Visual: Swiss roll and manifold structure
- The Swiss roll: 3D data that actually lives on a 2D surface.
- Linear methods (PCA) project onto a plane — they cannot “unroll” the manifold.
- Nonlinear methods can recover the intrinsic 2D structure.
- This illustrates why we need methods beyond PCA.
PCA recap (Unit 2)
- PCA finds the linear subspace that captures maximum variance:
- Compute covariance matrix \(\mathbf{\Sigma}\).
- Eigendecomposition: \(\mathbf{\Sigma} = \mathbf{V} \mathbf{\Lambda} \mathbf{V}^\top\).
- Project onto top-\(k\) eigenvectors.
- Optimal linear dimensionality reduction under MSE [@bishop2006pattern].
Limitations of PCA
- PCA can only find flat subspaces (hyperplanes through the origin).
- It fails when the data manifold is curved, folded, or has nonlinear structure.
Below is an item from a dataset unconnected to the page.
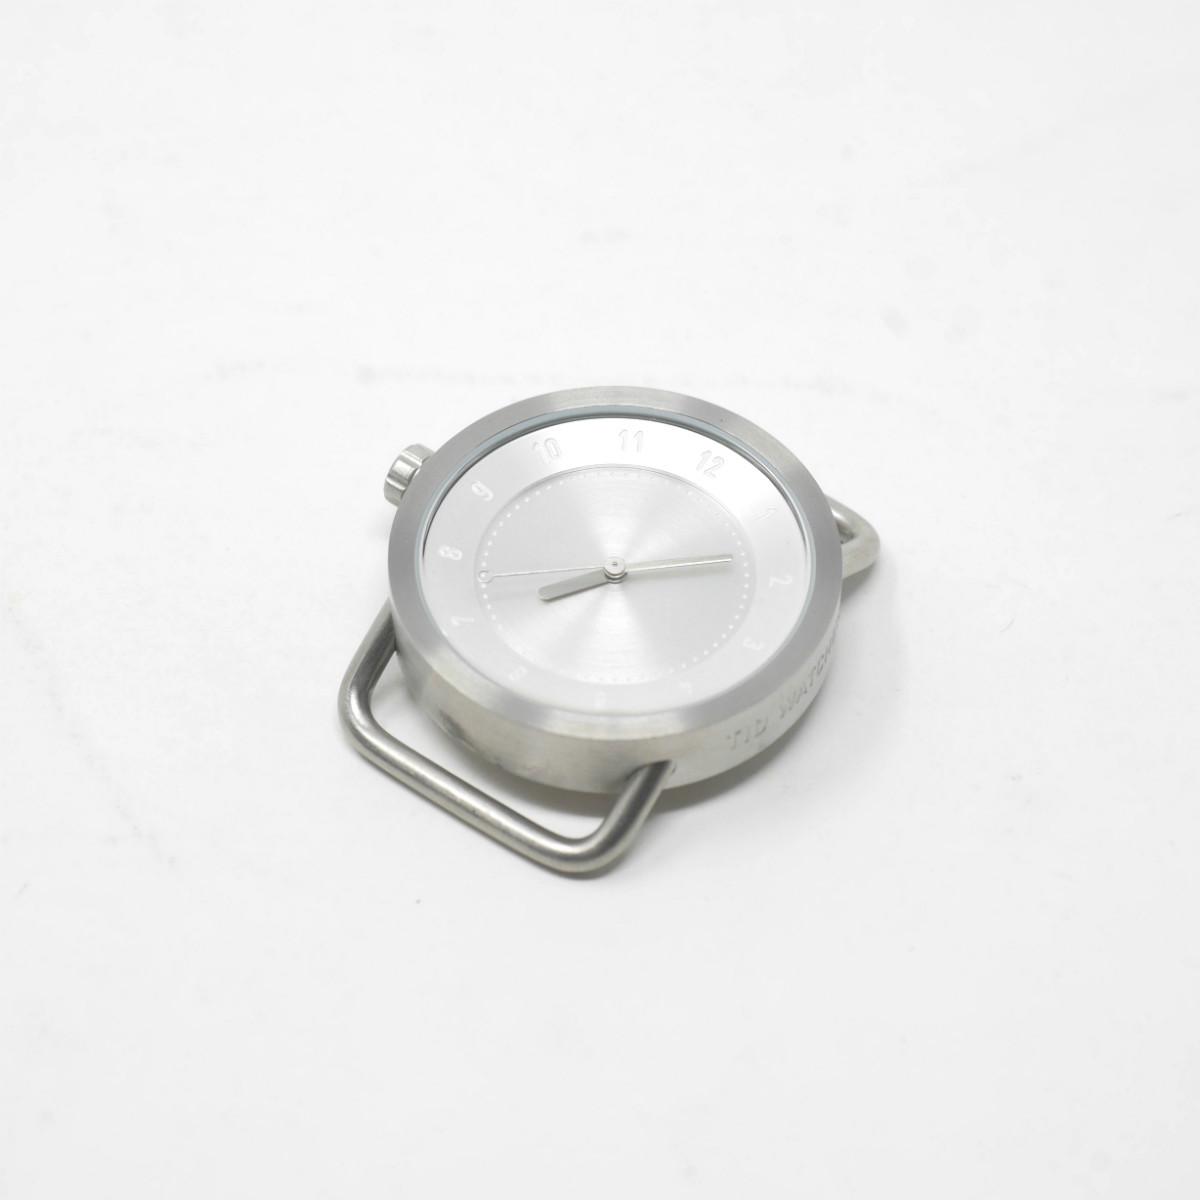 TID Watches No.1 36mm フェイス シルバー(ティッドウォッチ)※バンド別売

- PCA also struggles with multi-modal data — it finds one global direction, not local structure.
- We need nonlinear alternatives.
Handcrafted features — historical approach
- Before deep learning, domain experts designed features manually:
- Spectroscopy: peak positions, widths, areas.
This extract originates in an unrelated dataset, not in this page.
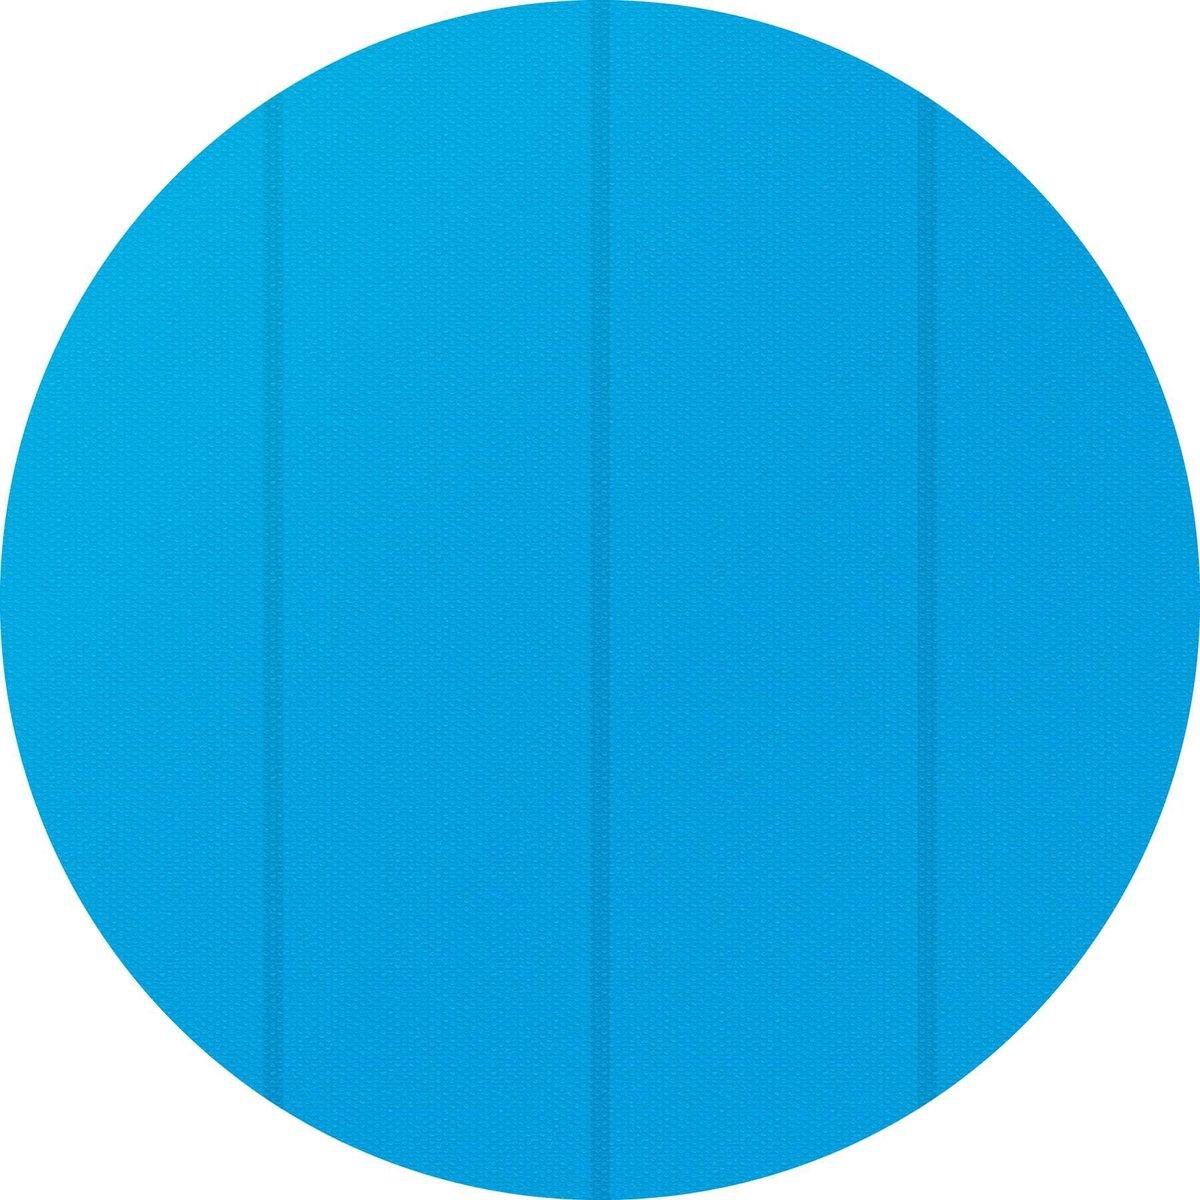 tectake - Zwembadafdekking zonnefolie rond Ø 549 cm - 403111

- Materials: grain size distribution, composition ratios.
- Images: SIFT descriptors, Gabor filters.
- This requires deep domain knowledge and is labor-intensive.
Handcrafted vs learned features
Handcrafted Features
- Design effort: High (expert required)
- Interpretability: High (physical parameters)
- Flexibility: Brittle to new domains
- Data requirements: Low
- Best when: Domain knowledge is strong
Learned Features
- Design effort: Low (fully data-driven)
- Interpretability: Lower (latent representations)
- Flexibility: Highly adaptive to data
- Data requirements: High
- Best when: Data is abundant
Comparison summary
| Design effort |
High |
Low |
| Interpretability |
High |
Lower |
| Flexibility |
Brittle |
Adaptive |
| Data requirements |
Low |
High |
| Best when |
Domain knowledge |
Data is abundant |
The autoencoder idea
- Train a neural network to reconstruct its own input: \(\hat{\mathbf{x}} = g(f(\mathbf{x}))\).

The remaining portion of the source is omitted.